For our canine friends

  1. Now is the time to start taking your dog for a walk earlier in the evening. This will ease them in gently to a slight change in their routine.
  2. Give your dog a big starchy meal the night before the fireworks to help them relax.
  3. Build a safe, dark, comfortable den with their favourite toys, treats and blankets in a quiet place. Let your pet have access to this den at all times and, offer healthy treats and praise when your dog uses it, this will build a positive association with this space. Also leave the door to the room that they spend the majority of the time, open. This creates a space for them to come and go freely, so they don’t feel in any way trapped. It also means that they can come and see you for some TLC!
  4. On the night of the celebrations, shut all doors and windows to keep the noise to a minimum. This is subtle but very effective, and it also creates a buffer from the noise. Cover glass doors with blankets to muffle any sounds. Close curtains to block out flashes.
  5. Ensure they micro-chipped so that if they escape from the house, scared and confused, there is a better chance you will be reunited.
  6. Spend time helping your dog relax with some music or TV. You’ll be surprised how you will all instantly feel more at ease- and the music will drown out any other noises.
  7. Consider investing in Adaptil plug-ins and spray products at least two weeks before fireworks night begins.

For our feline friends:

  1. You can bring your cat in a few hours earlier, staggering the times so it’s a bit earlier each time so that he or she gets used to it.
  2. Shut the flap before the evening draws in (remember the nights will get darker earlier). Also make sure they have a litter tray available, as well as enough food and water and a cosy blanket for them to snuggle into!
  3. Build a safe, dark, comfortable den with their favourite toys, treats and blankets in a quiet place. Making sure their favourite ‘safe place’ is available to them, and try to avoid constantly checking on them if they have chosen to hide during fireworks.
  4. On the night of the celebrations, shut all doors and windows to keep the noise to a minimum. This is subtle but very effective, and it also creates a buffer from the noise. Cover glass doors with blankets to muffle any sounds. Close curtains to block out flashes.
  5. Ensure they micro-chipped so that if they escape from the house, scared and confused, there is a better chance you will be reunited.
  6. Consider investing in Feliway plug ins or sprays. The smell is a synthetic copy of a pheromone that cats leave naturally when they are feeling comfortable in their environment.

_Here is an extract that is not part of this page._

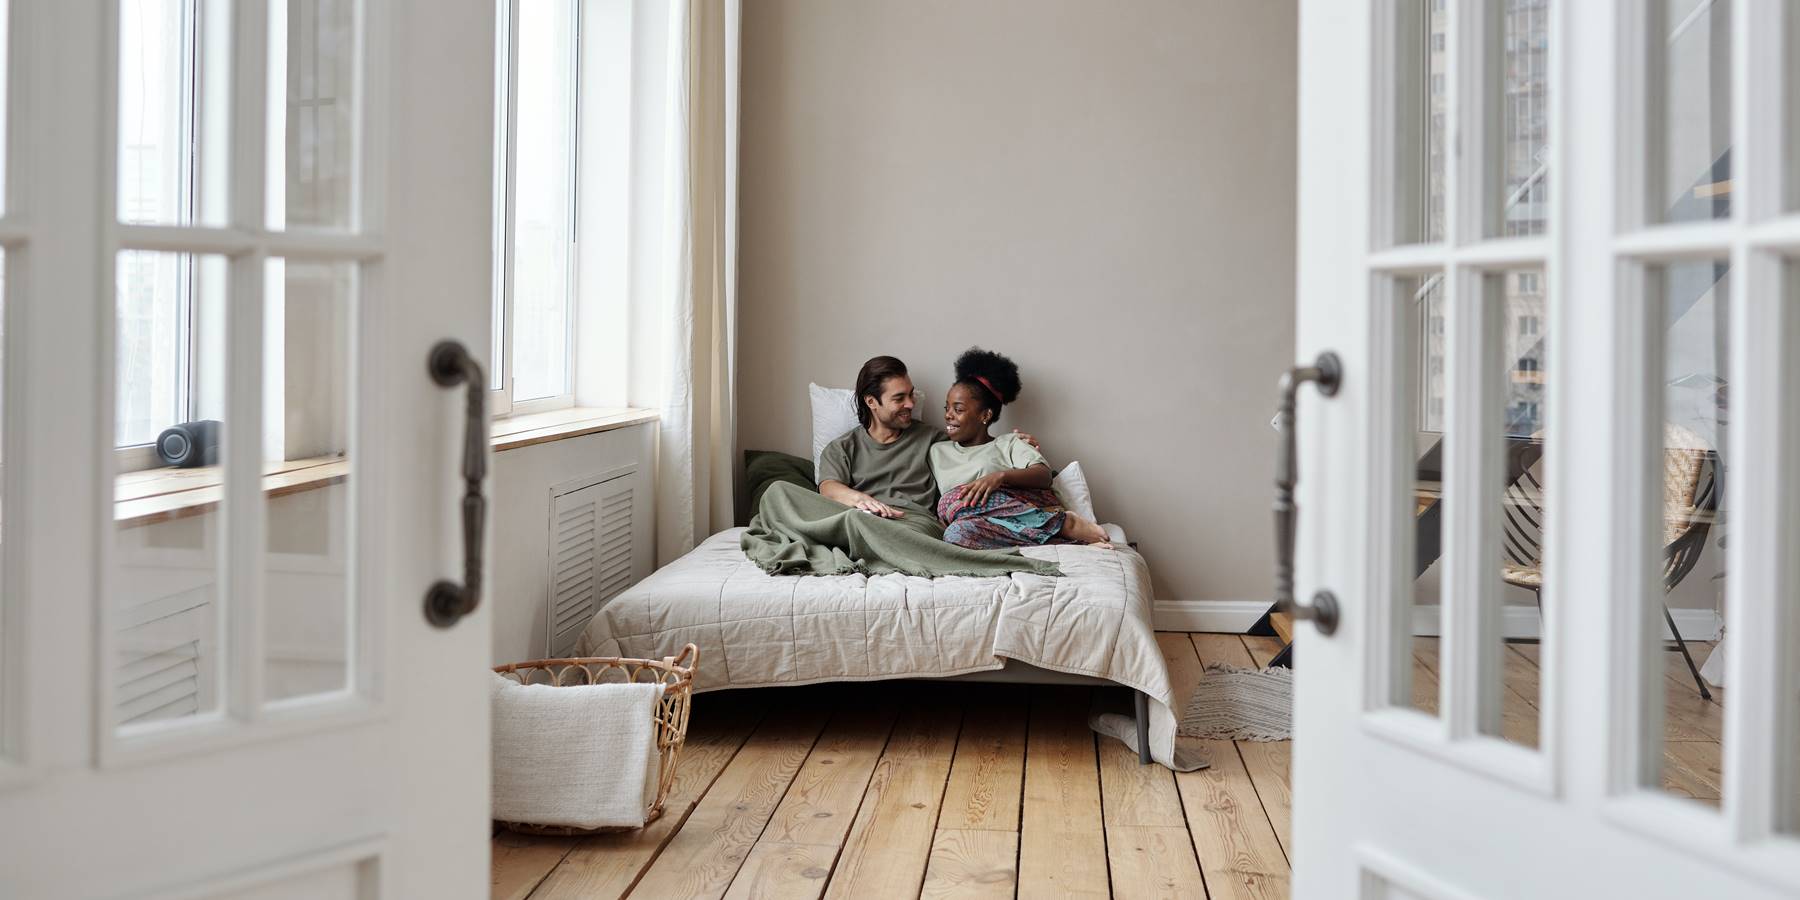 A couple lying in bed with doors open in bedroom with hardwood floors

Not forgetting rabbits, guinea pigs, hamsters and birds:

Rabbits, guinea pigs, hamsters and birds can all be affected too, and you can really help your pet by ensuring you make them as calm and comfortable as possible.

  1. If you can please bring them/their hutches inside.
  2. If this is not possible, partly cover hutches and other outside cages with blankets so that they have some soundproofing.

How to spot stress in your pets

Lots of our feline friends and pooch pals will have mild fears in the same way people do, but they will usually manage without it becoming a phobia.
It’s also worth remembering that just because cats aren’t running around, salivating, or digging holes through a door, that they’re not frightened. Cats are more likely to take themselves away and hide so it’s not a problem to the owners.
However, sometimes fears do progress to phobias and we then need to try and work out a way to manage the problem.

Signs of a scared dog

  • Trembling and shaking
  • Clinging to owners
  • Excessive barking
  • Cowering and hiding behind furniture
  • Trying to run away
  • Soiling the house
  • Pacing and panting
  • Refusing to eat

Signs of a scared cat

  • Cowering and hiding behind/on top of furniture
  • Trying to run away
  • Soiling the house
  • Refusing to eat

Signs of a scared rabbit

  • Stamping hind feet
  • Staying motionless
  • Trying to escape

Please note that our advice is not a proper substitute for a consultation with a vet, and is only intended as a guide. Please contact your surgery for advice or treatment if you are worried about the health of your pet.